#python #pandas #pandas-groupby
#питон #pandas #pandas-groupby
Вопрос:
Я новичок в методах groupby в Pandas и, похоже, не могу разобраться в этом. У меня есть данные с ~ 2 млн записей, и выполнение моего текущего кода займет 4 дня — из-за неэффективного использования ‘append’.
Я анализирую данные с производства с помощью 2 флагов для указания проблем с тестовыми образцами.
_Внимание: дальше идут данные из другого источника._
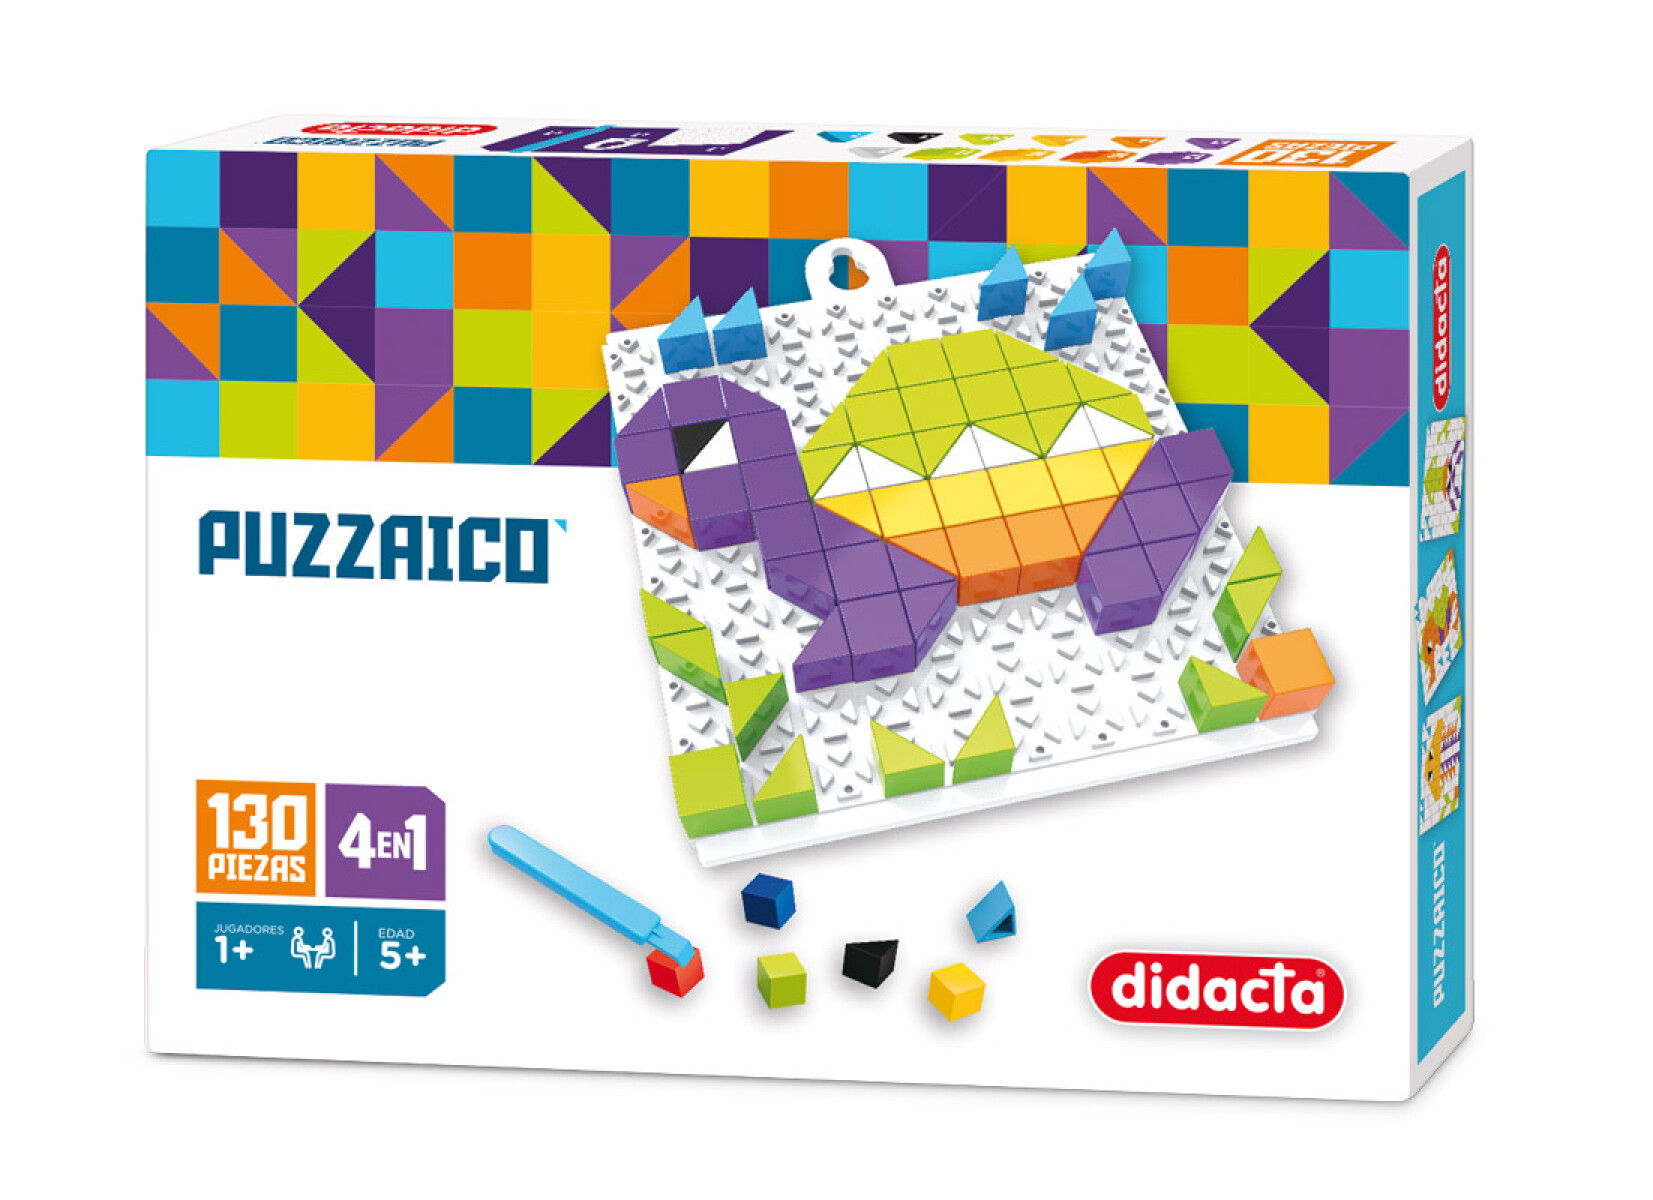 Puzzle Encastrable Didacta Puzzaico Tortuga - 001

Для первых нескольких флагов из каждого Test_ID должно быть установлено значение False.(Причина: недостаточно данных для точного анализа этих первых нескольких из каждой группы)
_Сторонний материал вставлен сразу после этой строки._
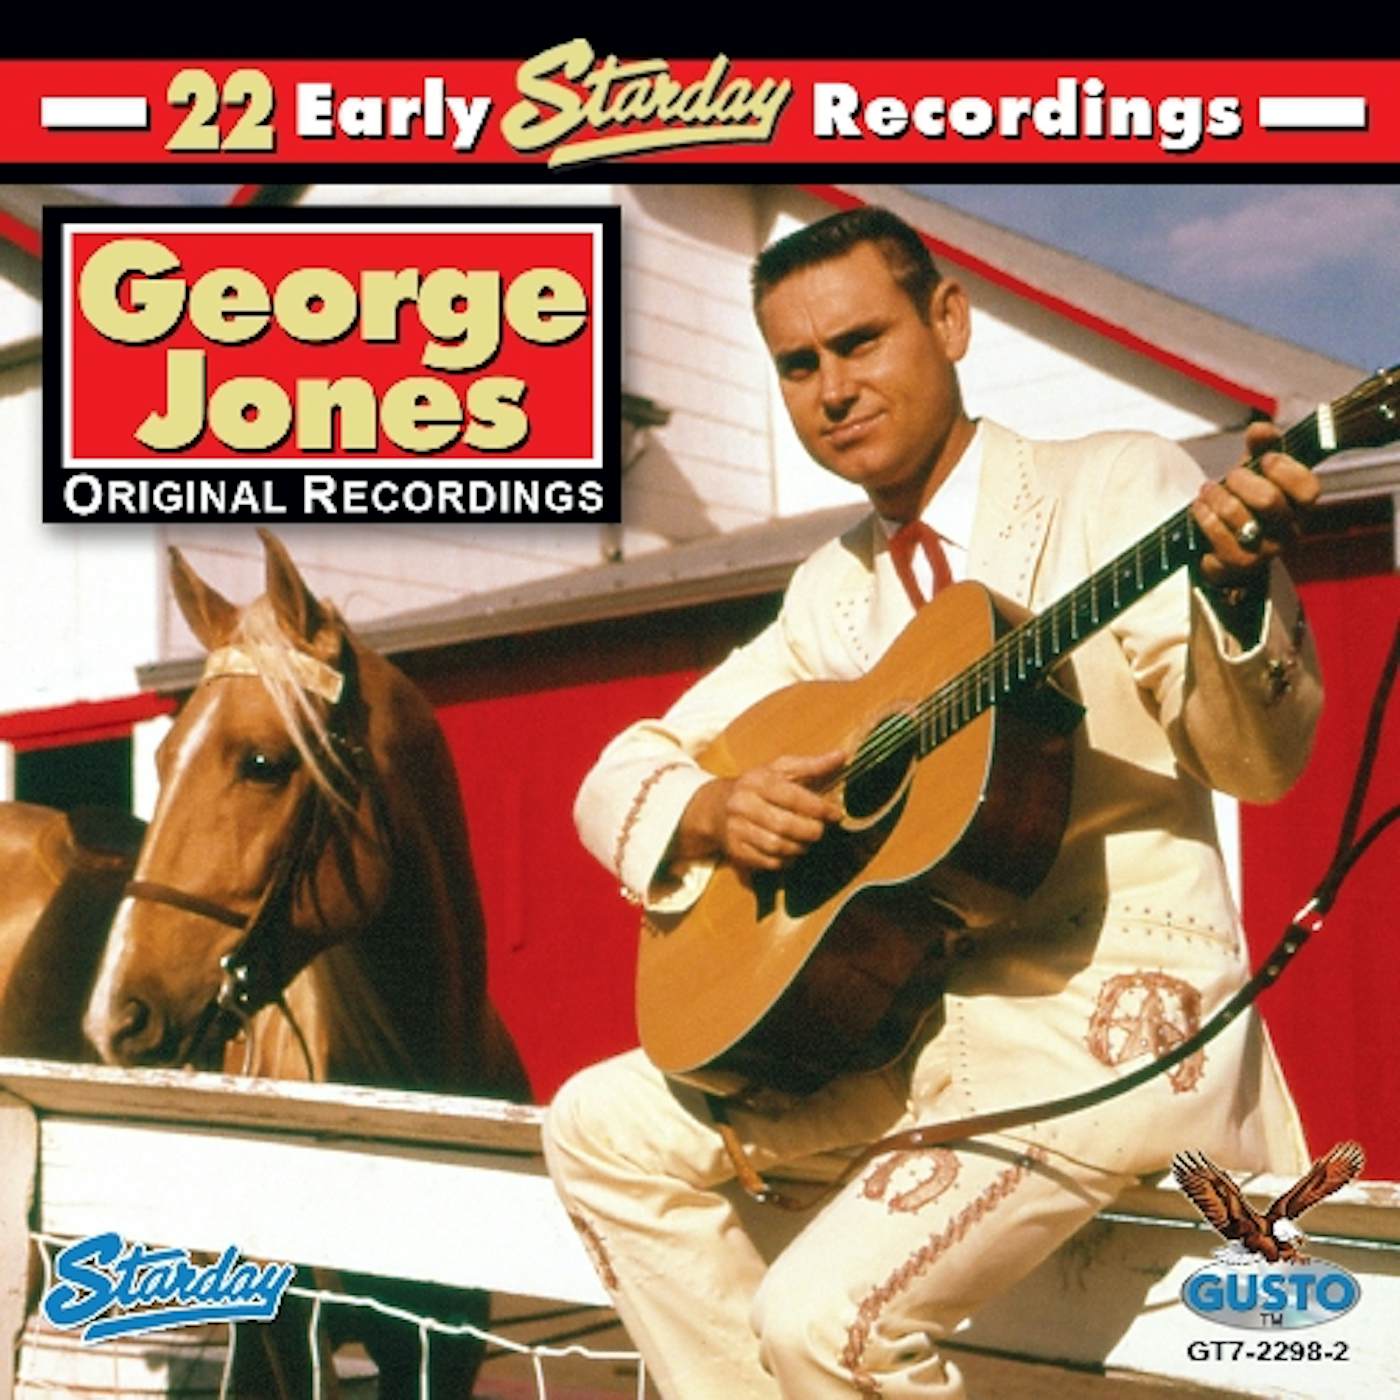 George Jones 22 EARLY STARDAY RECORDINGS CD

Моя неэффективная попытка (правильный результат, но недостаточно быстрый для 2-х строк):
df = pd.DataFrame({'Test_ID' : ['foo', 'foo', 'foo', 'foo',
'bar', 'bar', 'bar'],
'TEST_Date' : ['2020-01-09 09:49:31',
'2020-01-09 12:16:15',
'2020-01-09 12:47:44',
'2020-01-09 14:39:05',
'2020-01-09 17:39:47',
'2020-01-09 20:44:58',
'2020-01-10 18:40:47'],
'Flag1' : [True, False, True, False, True, False, False],
'Flag2' : [True, False, False, False, True, False, False],
})
#generate a list of Test_IDs
Test_IDs = list(df['Test_ID'].unique())
#generate a list of columns in the dataframe
cols = list(df)
#generate a new dataframe with the same columns as the original
df_output = pd.DataFrame(columns = cols)
for i in Test_IDs:
#split the data into groups, iterate over each group
df_2 = df[df['Test_ID'] == i].copy()
#set the first two rows of Flag1 to False for each group
df_2.iloc[:2, df_2.columns.get_loc('Flag1')] = 0
#set the first three rows of Flag2 to False for each group
df_2.iloc[:3, df_2.columns.get_loc('Flag2')] = 0
df_output = df_output.append(df_2) #add the latest group onto the output df
print(df_output)
Ввод:
Flag1 Flag2 TEST_Date Test_ID
0 True True 2020-01-09 09:49:31 foo
1 False False 2020-01-09 12:16:15 foo
2 True False 2020-01-09 12:47:44 foo
3 False False 2020-01-09 14:39:05 foo
4 True True 2020-01-09 17:39:47 bar
5 False False 2020-01-09 20:44:58 bar
6 False False 2020-01-10 18:40:47 bar
Выходной сигнал:
Flag1 Flag2 TEST_Date Test_ID
0 False False 2020-01-09 09:49:31 foo
1 False False 2020-01-09 12:16:15 foo
2 True False 2020-01-09 12:47:44 foo
3 False False 2020-01-09 14:39:05 foo
4 False False 2020-01-09 17:39:47 bar
5 False False 2020-01-09 20:44:58 bar
6 False False 2020-01-10 18:40:47 bar
Ответ №1:
Давайте сделаем groupby().cumcount()
:
# enumeration of rows within each `Test_ID`
enum = df.groupby('Test_ID').cumcount()
# overwrite the Flags
df.loc[enum < 2, 'Flag1'] = False
df.loc[enum < 3, 'Flag2'] = False
Вывод:
Test_ID TEST_Date Flag1 Flag2
0 foo 2020-01-09 09:49:31 False False
1 foo 2020-01-09 12:16:15 False False
2 foo 2020-01-09 12:47:44 True False
3 foo 2020-01-09 14:39:05 False False
4 bar 2020-01-09 17:39:47 False False
5 bar 2020-01-09 20:44:58 False False
6 bar 2020-01-10 18:40:47 False False
Комментарии:
1. простой и элегантный ответ.
2. Я думаю, что OP имеет разные пороговые значения для двух флагов. Необходимо разделить их, но это очень элегантное решение.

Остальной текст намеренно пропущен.